Some questions for you:-

1. Are you able to disable this port scan?
2. Are you running on any kind of corporate network?

Thanks.

[superbonaci]

The test computer which I connect to could be in some kind of corporate network.

1. The port scan could be done by the same computer, by some admin monitoring the network, or just people trying to connecter over RDP to my computer using a different user and password each time?
2. Now sure how to disable the port scan unless the machine itself is doing it.
3. Could be using sharing some IP address from the log?

[matt335672]

I can't tell you where the port scan is coming from as you've sensibly replaced the IP address in the log with an underscore character:-

[20240326-11:25:58] [INFO ] Socket 12: AF_INET6 connection received from _ port 55314

If you've got an IT support organisation in your company I suggest you contact them and ask them.

The reason I'm asking about the corporate network is that if you're routing over it, it's possible that idle TCP connections are being dropped. We've got a FAQ about this - see https://github.com/neutrinolabs/xrdp/wiki/Tips-and-FAQ#how-can-i-prevent-connections-being-dropped-by-my-corporate-firewall. The symptoms match your problem description.

[superbonaci]

I will try that, but I think that if I connect to a remove Windows instead of xrdp that doesn't happen. Maybe the Windows RDP server automatically does the keep alive thing, or maybe the corporate firewalls can detect something different and don't drop it?

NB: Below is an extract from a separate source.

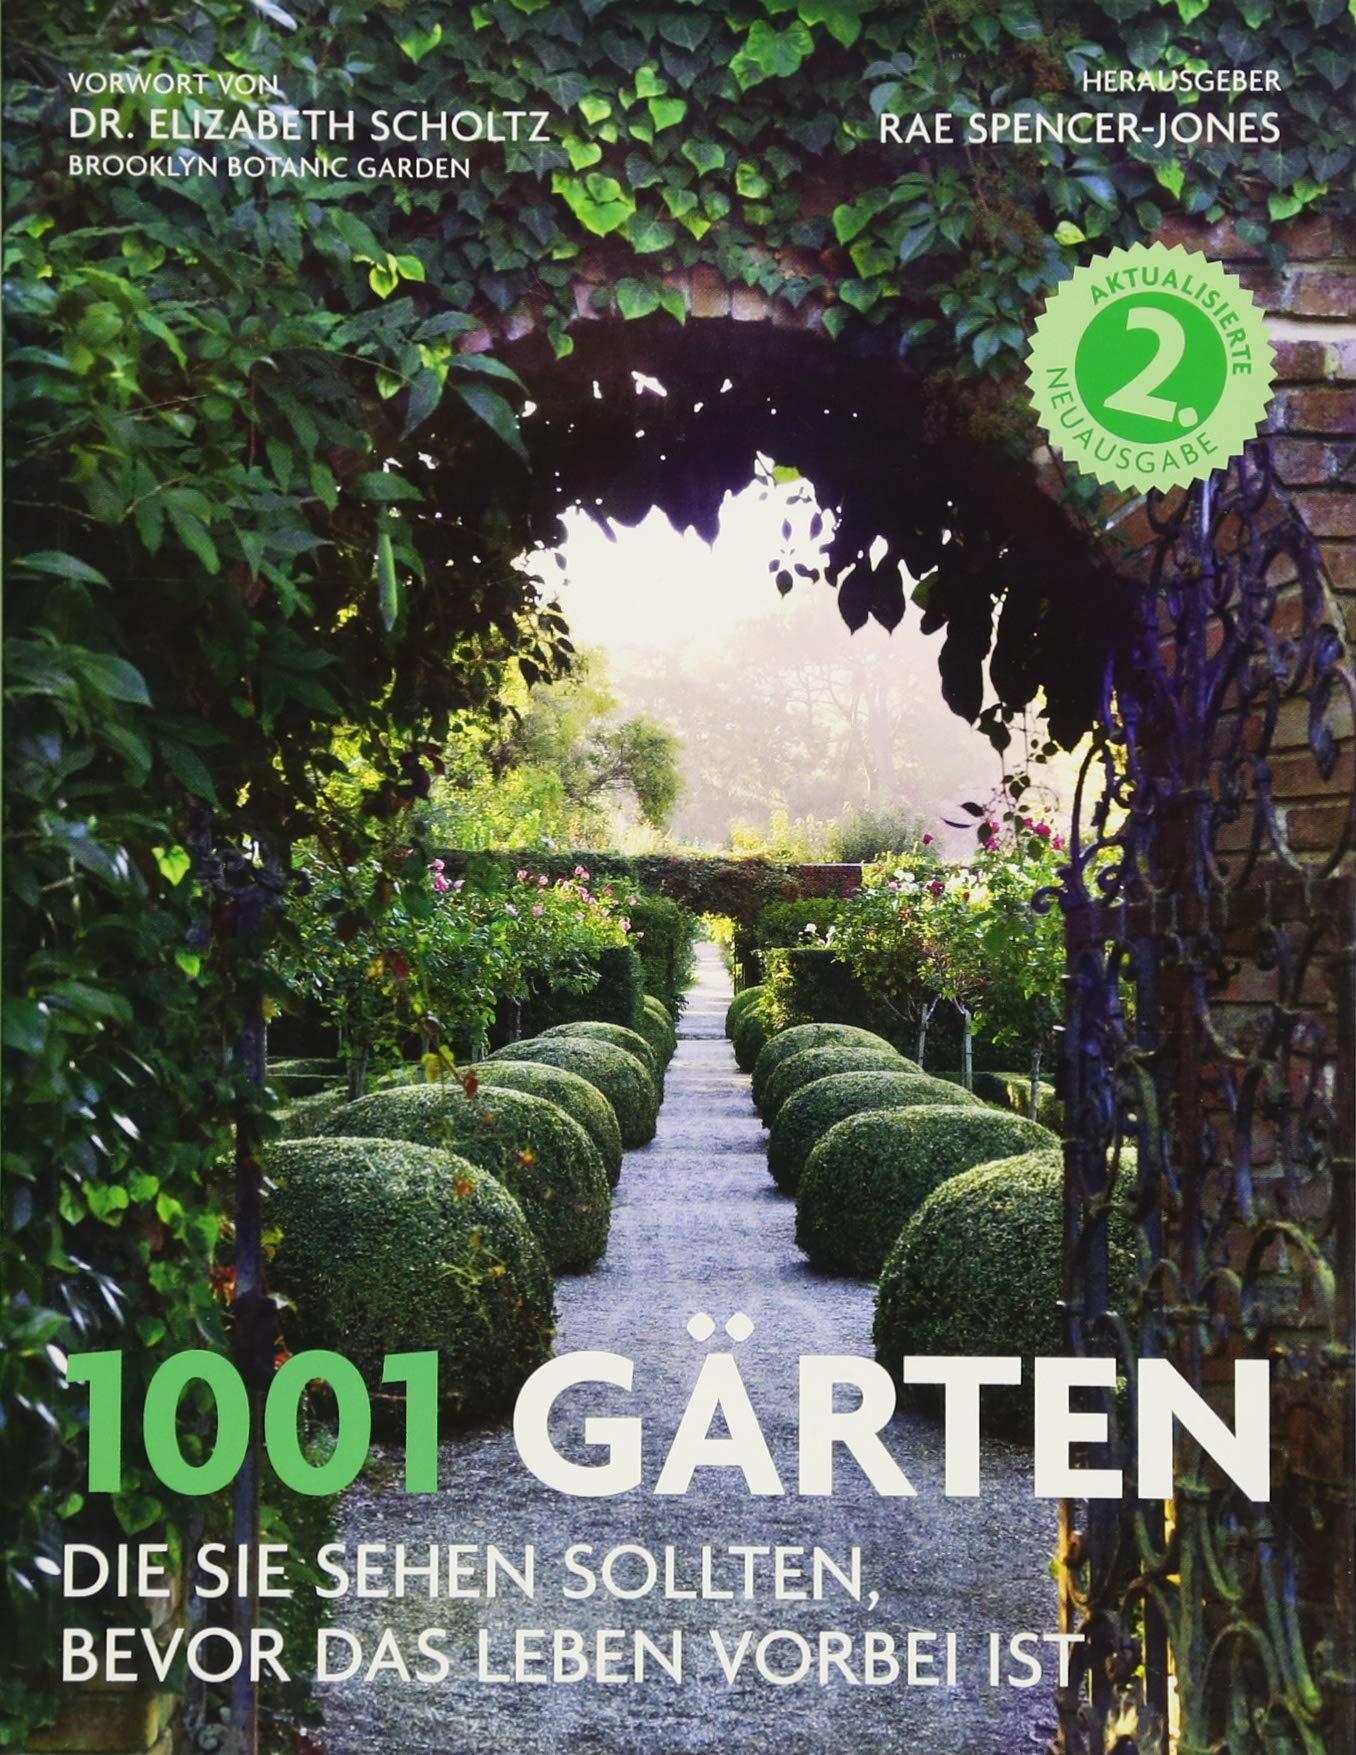 1001-grten-die-sie-sehen-sollten-bevor-das-leben-vorbei-ist-ausgewhlt-und-vorgestellt-von-71-internationalen-autoren

This is the value of Computer Configuration > Administrative Templates > Windows Components > Remote Desktop Services > Remote Desktop Session Host > Connections when the remote computer is Windows 11 Pro:

Setting	State	Comment
Automatic reconnection	Not configured	No
Allow users to connect remotely by using Remote Desktop Services	Not configured	No
Deny logoff of an administrator logged in to the console session	Not configured	No
Configure keep-alive connection interval	Not configured	No
Limit number of connections	Not configured	No
Suspend user sign-in to complete app registration	Not configured	No
Set rules for remote control of Remote Desktop Services user sessions	Not configured	No
Select network detection on the server	Not configured	No
Select RDP transport protocols	Not configured	No
Restrict Remote Desktop Services users to a single Remote Desktop Services session	Not configured	No

[matt335672]

There's more traffic between a Window RDP server and a Windows RDP client as there are more features supported.